O leitor que conhece detalhes do caso “Dreyfus”, que parou a França no começo do século XX, recordar-se-á certamente da importância que tiveram os escritores ANATOLE FRANCE, e por meio deste, EMILE ZOLA, autor do famoso “J’acusse”, espécie de panfleto que determinou a reviravolta do caso.
Intelectuais dessa mesma envergadura, e também na França, SARTRE e BEAUVOIR com seus escritos e palestras mudavam o mundo. E o mesmo fizera HANNAH ARENDT, a famosa filósofa alemã e aluna de HEIDEGGER, com a sua obra “A Banalidade do Mal”.
Há, aliás, um interessante livro escrito por MICHAEL WINOCK em 1997, em que analisa o papel que os intelectuais exerceram no século XX.
Mas, entrado o século XXI, podemos dizer que os intelectuais exercem algum poder, são ainda influentes, como foram a seu tempo ZOLA, SARTRE, GIDE? A resposta é negativa.
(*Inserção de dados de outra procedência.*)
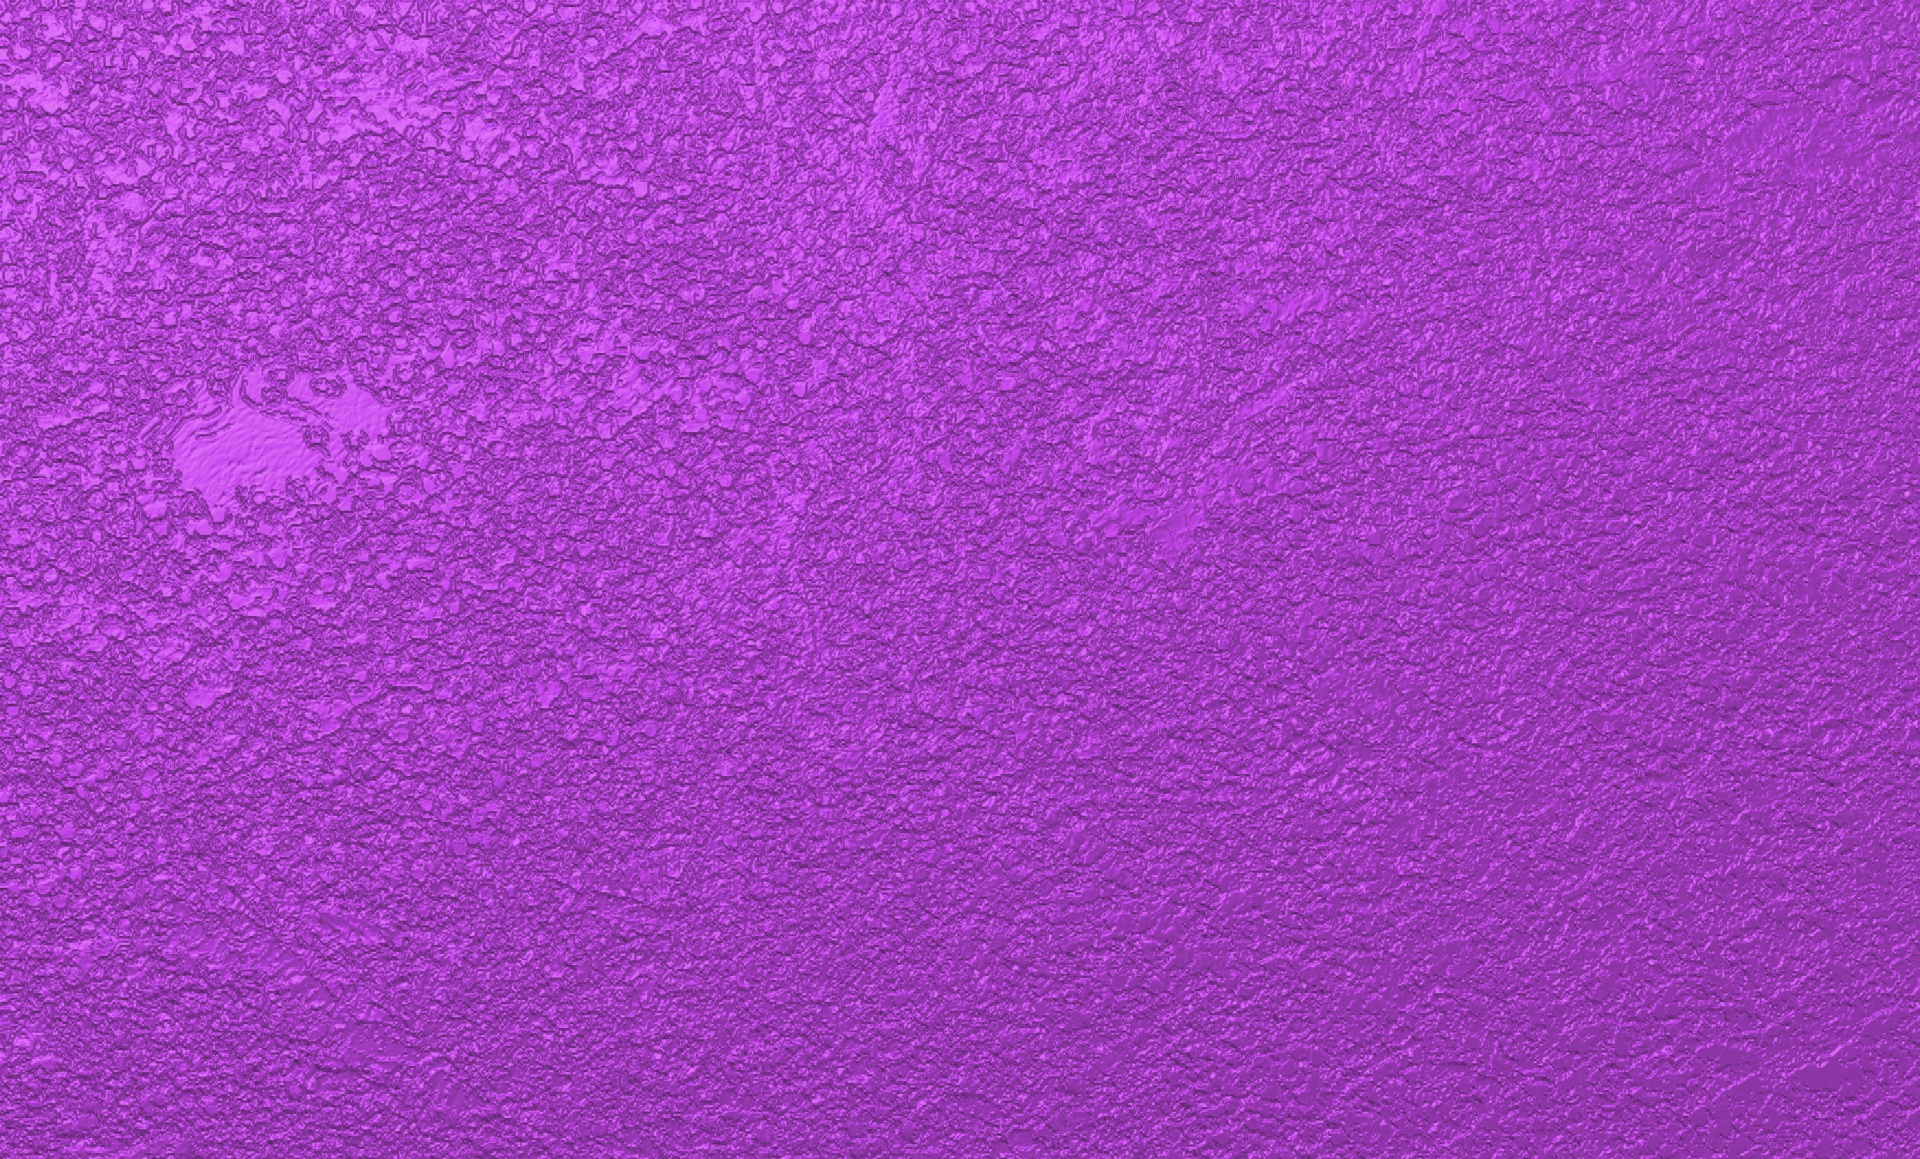 Rough Textured Purple Background

Hoje, não há nenhum intelectual dessa estatura.
Mas como o poder não convive com o vácuo, que tipo de personagem assumiu o lugar do intelectual?
O jornal espanhol “El Pais”, edição de Madrid de ontem, traz interessante matéria sobre um de nossos “youtubers” mais influentes, e que se utiliza de suas postagens para combater o que ele considera um produto do fascismo no Brasil. Seguido por quarenta milhões de seguidores, esse “youtuber” exerce, sem dúvida, um papel que era antes ocupado exclusivamente pelos intelectuais.
Parafraseando MACHADO DE ASSIS, que se indagava se ele havia mudado, ou mudara o Natal, podemos dizer: O que terá mudado: os intelectuais ou o mundo?
Não há dúvida de que não temos mais intelectuais do nível de ZOLA, SARTRE, ISAIAH BERLIN. Mas substitui-los por “youtubers” é que o problema.
Como escreveu ORTEGA Y GASSET no prólogo à indispensável obra “Historia de la Filosofia”, de EMILE BREHIER (sem tradução ainda para o português), em todas as épocas da história da Filosofia encontraremos algumas que podem ser qualificadas como de transição, e outras de épocas de decadência, em que algo decai, para que outras coisas possam germinar. É o que sucede com a nossa época: uma época de decadência, em que os intelectuais foram substituídos por “youtubers”, o que não significa, como adverte ORTEGA Y GASSET, que não existam ainda coisas boas em nossa era.